South Africa has a fast-growing population, and all indications are that by 2040 South Africa will have to import approximately 66% of its basic produce to feed the nation. In addition, the challenging agricultural environment adds to the country’s looming food shortages. Consequently, potential solutions to alleviate shortages by increasing food production are under scrutiny. Typically, the expansion of land under cultivation, improved chemical treatments of soil and crops, and placing more land under irrigation have been investigated. However, South Africa has only 3% high-potential arable soils, most of which are already in full production. As it is a water-scarce country, competition for water sources is high and expanding irrigation is limited either by the availability of water, existing water distribution schemes or a lack of high-potential arable land. Consequently, to increase agricultural production new alternatives need to be implemented. One method to improve agricultural production is to increase production on current arable land by implementing precision farming practices. Researchers in applied farming technology have developed precision farming products and systems that can be commercially implemented by farmers to improve crop yields on their farms.
Precision farming, or precision agriculture, is an information-intensive process which uses specialised equipment, drones, tailor-made systems and computer software in addition to the precision farming services required from specialist advisors. This includes information obtained from real-time access to farming conditions on crops, soil, air, temperatures, humidity and other relevant information such as labour costs, tillage cost and available equipment. This information is used by the analytical software to guide farmers towards optimal decisions regarding crop rotation, optimal planting times, when to harvest and how to manage their soils. In addition, precision farming also differentiates the number of plants per hectare, application volumes of fertiliser and pesticides according to differing soil potentials in the field, and the application of pesticides to only the infested areas. Drones equipped with sensors measure temperature and humidity and guide irrigation systems to water areas that are not optimally irrigated. However, despite its obvious advantages, many farmers do not implement precision farming practices. Although many studies have shown that precision farming leads to increased production, higher crop yields and better profitability, many farmers shy away from implementing precision farming practices on their farms. This study therefore investigated the potential barriers experienced by farmers and why they do not implement precision farming processes.
The study employed interviews in a qualitative research design to determine the barriers to entry for implementing precision farming.
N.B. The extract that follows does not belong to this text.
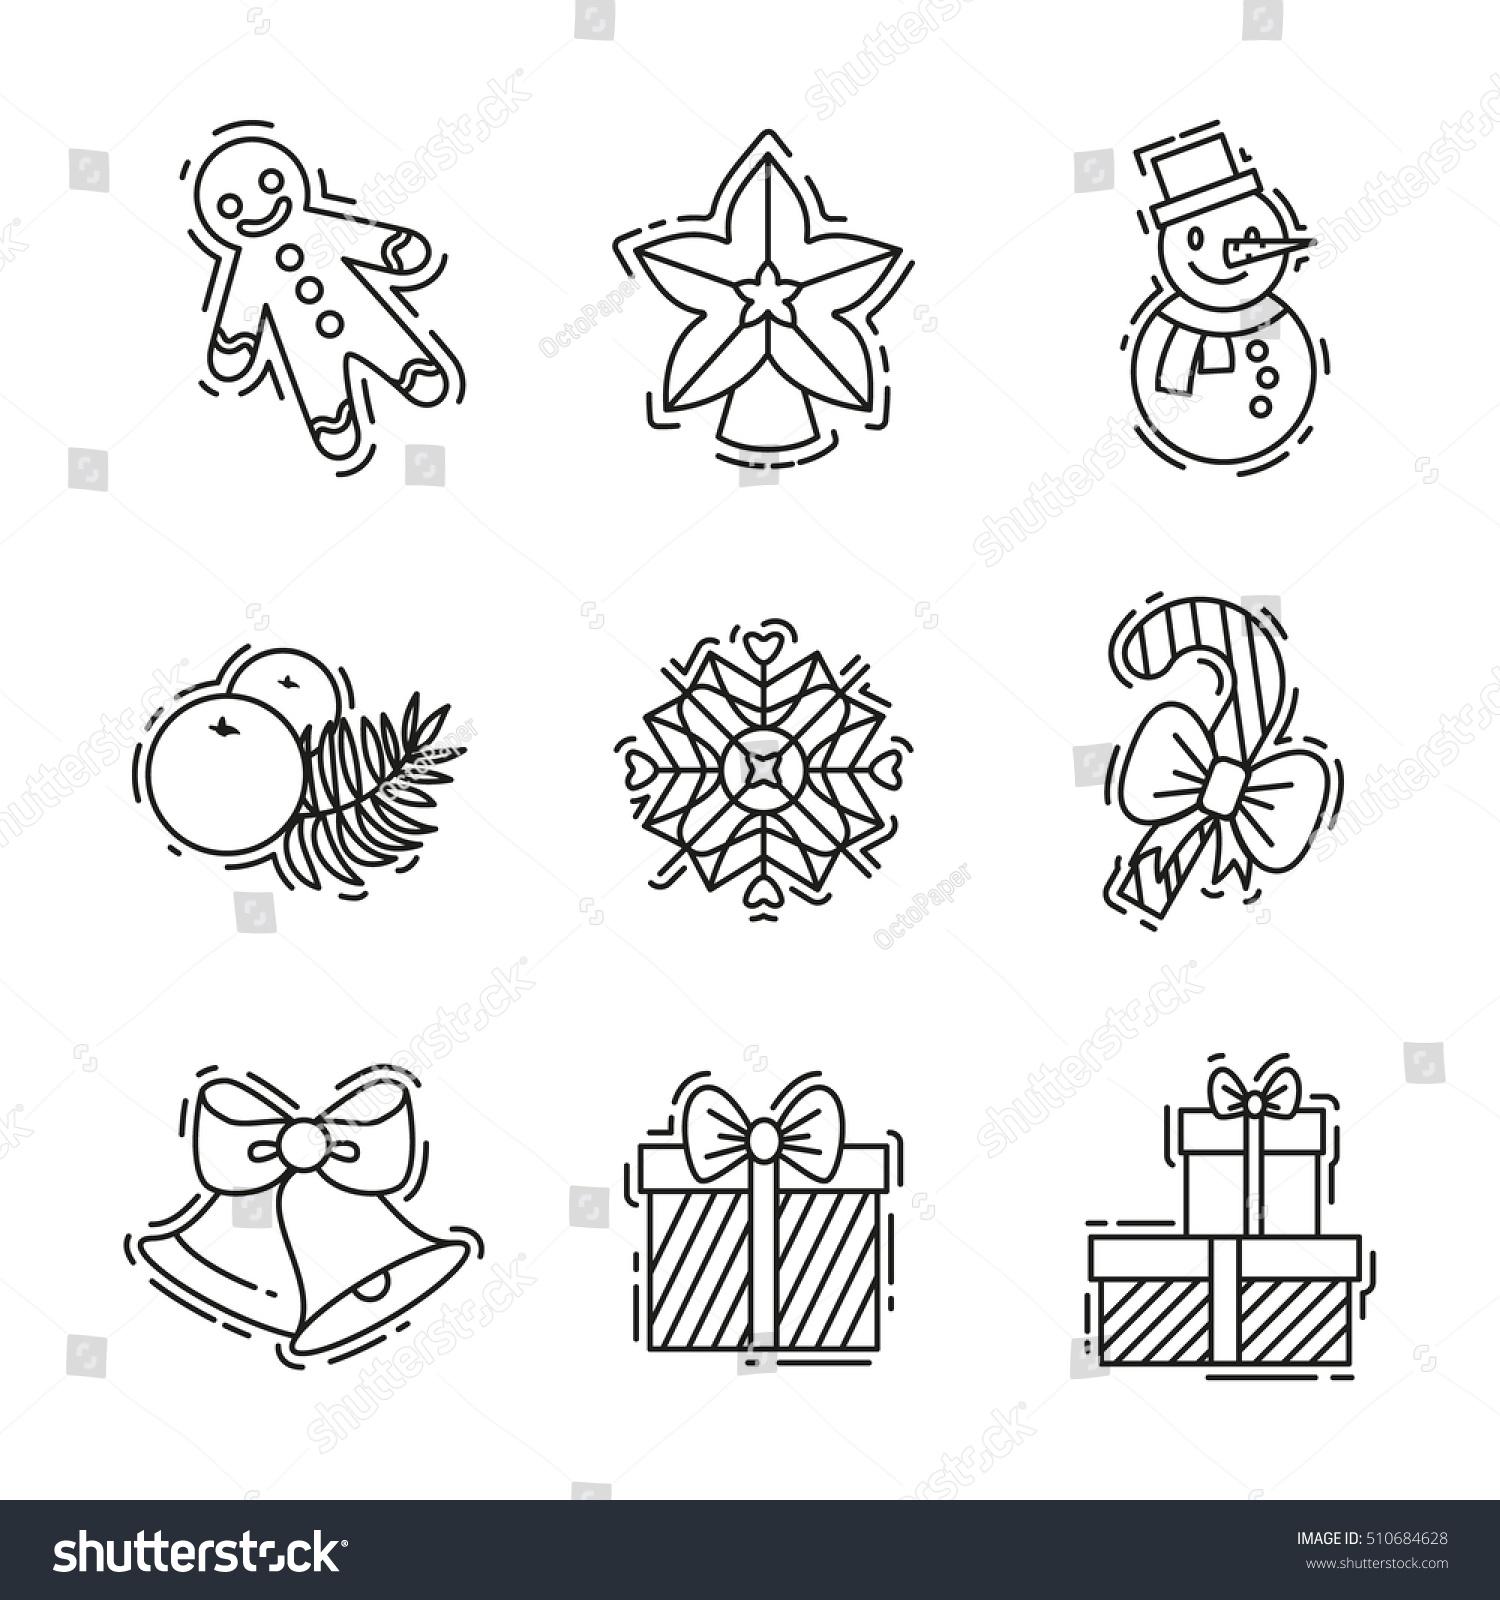 Christmas Icons Set Vector Outline Colour Stock Vector 510684628 ...

The study population included all farmers in the designated region whose major farming activities consist of dryland extensive crop cultivation. Irrigation farmers and livestock farmers not planting crops were not considered for the study. Likewise, farmers who had discontinued the practice of precision farming were excluded. In total, nine farmers from the Eastern Free State were interviewed.
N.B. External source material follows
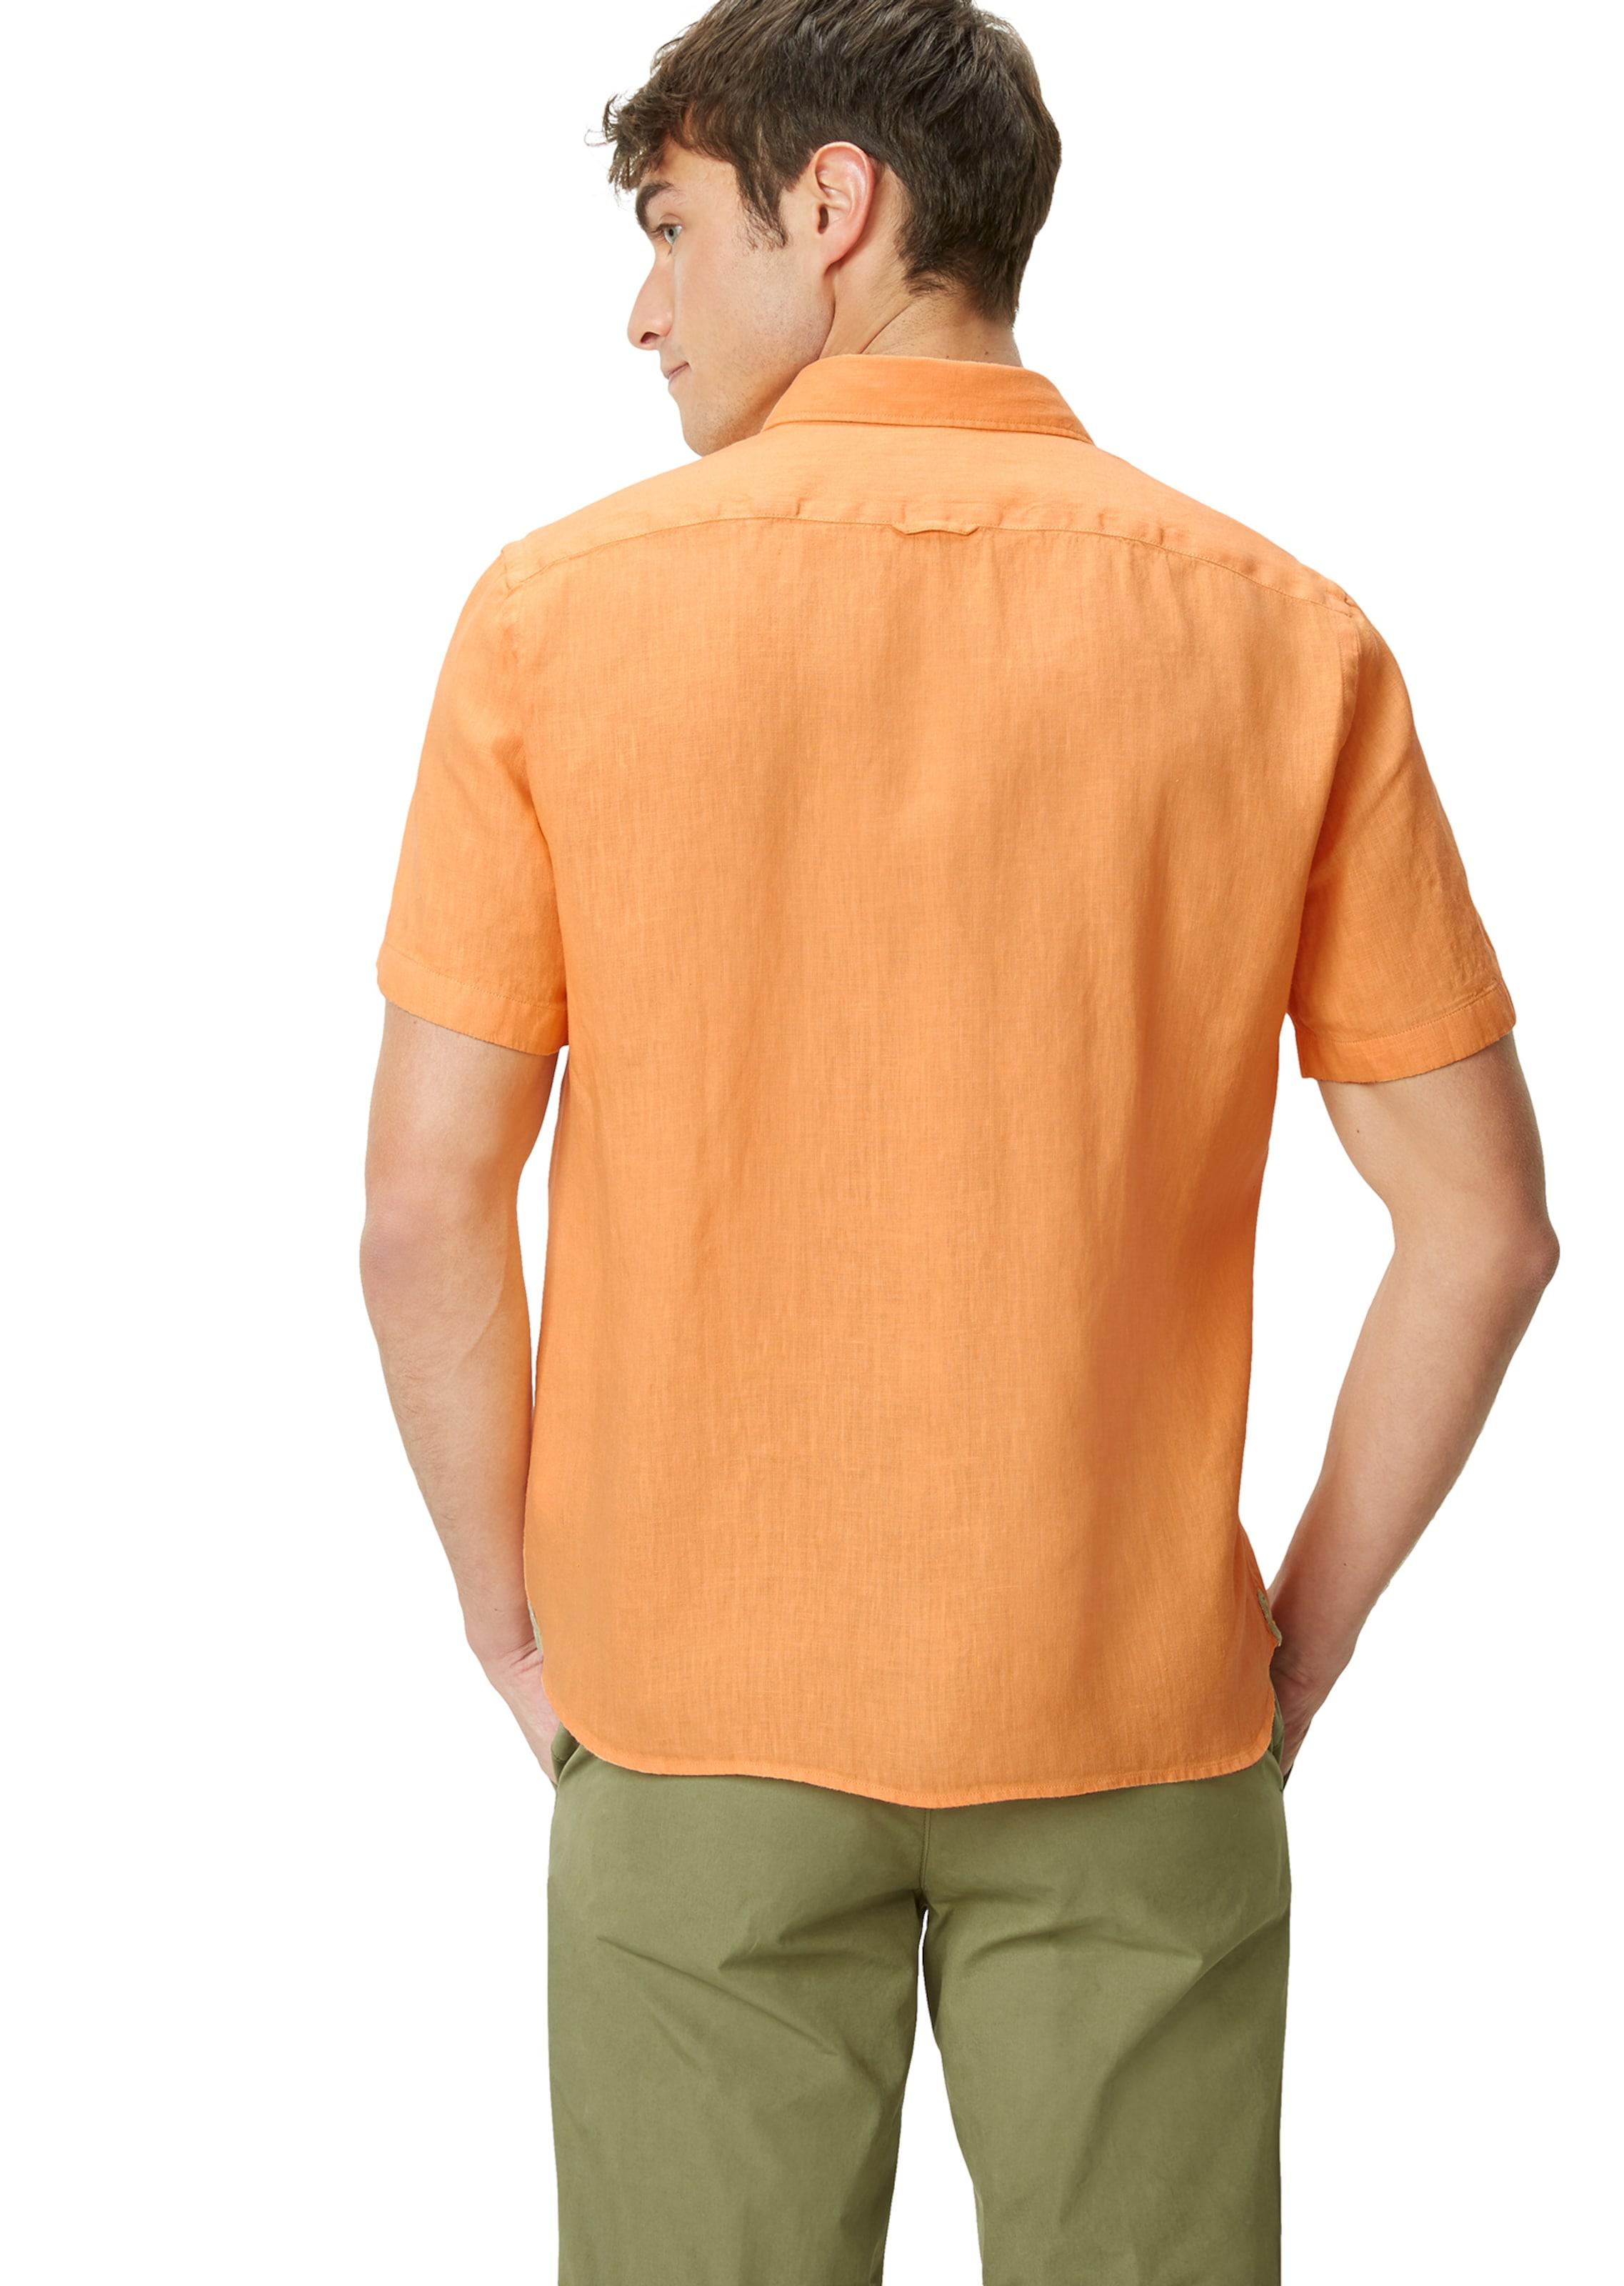 O'polo Marc Kurzarm In hemd Orange tQshrCdx

The finding of the study was that barriers to implementation of precision farming have changed over time. Initially a significant barrier was the absence of the service component of precision farming; however, as the concept matured, more suppliers and other specialists from the agricultural companies overcame this barrier. Initially, a technology gap also existed and the technologies were not as well developed and easy to operate as modern technologies. However, the interviews did identify that the specific region under investigation lacks the support services for precision farming. Although the quality of service is satisfactory, the availability (especially on short notice) seems to be a barrier to implementing precision farming. Farmers deem this as an increased crop production risk. The complexity of the precision farming systems and the calibration of the equipment is another barrier, and the risk of incorrect calibration could result in inaccurate data capturing; this would challenge the concept of precision farming and would be a costly error. Also, the cost of the technology and equipment is high. Farmers reap the benefits only in the medium to long term after the additional technological investment costs had been recouped. This means that the decision to implement precision farming involves commitment to a long-term investment. In summary, two major barriers were identified. They are (1) cost of implementation, and (2) the gap between theory and practice in implementing precision farming technology. The first barrier could be addressed by structured long-term financial products. However, the second barrier is more difficult to address. This barrier deals with synchronising data and technology. This requires specific computer literacy and operational knowledge which means that training is required to initiate the computer software and intensive data analysis correctly. It also increases the administrative workload of the farmers significantly. Farmers seem unwilling to facilitate this change. It does seem, however, that younger-generation farmers, who are more familiar with technology and computer software, are more willing to adapt and overcome this barrier. They seem to be more likely candidates who will switch the farming operations to incorporate precision farming practices.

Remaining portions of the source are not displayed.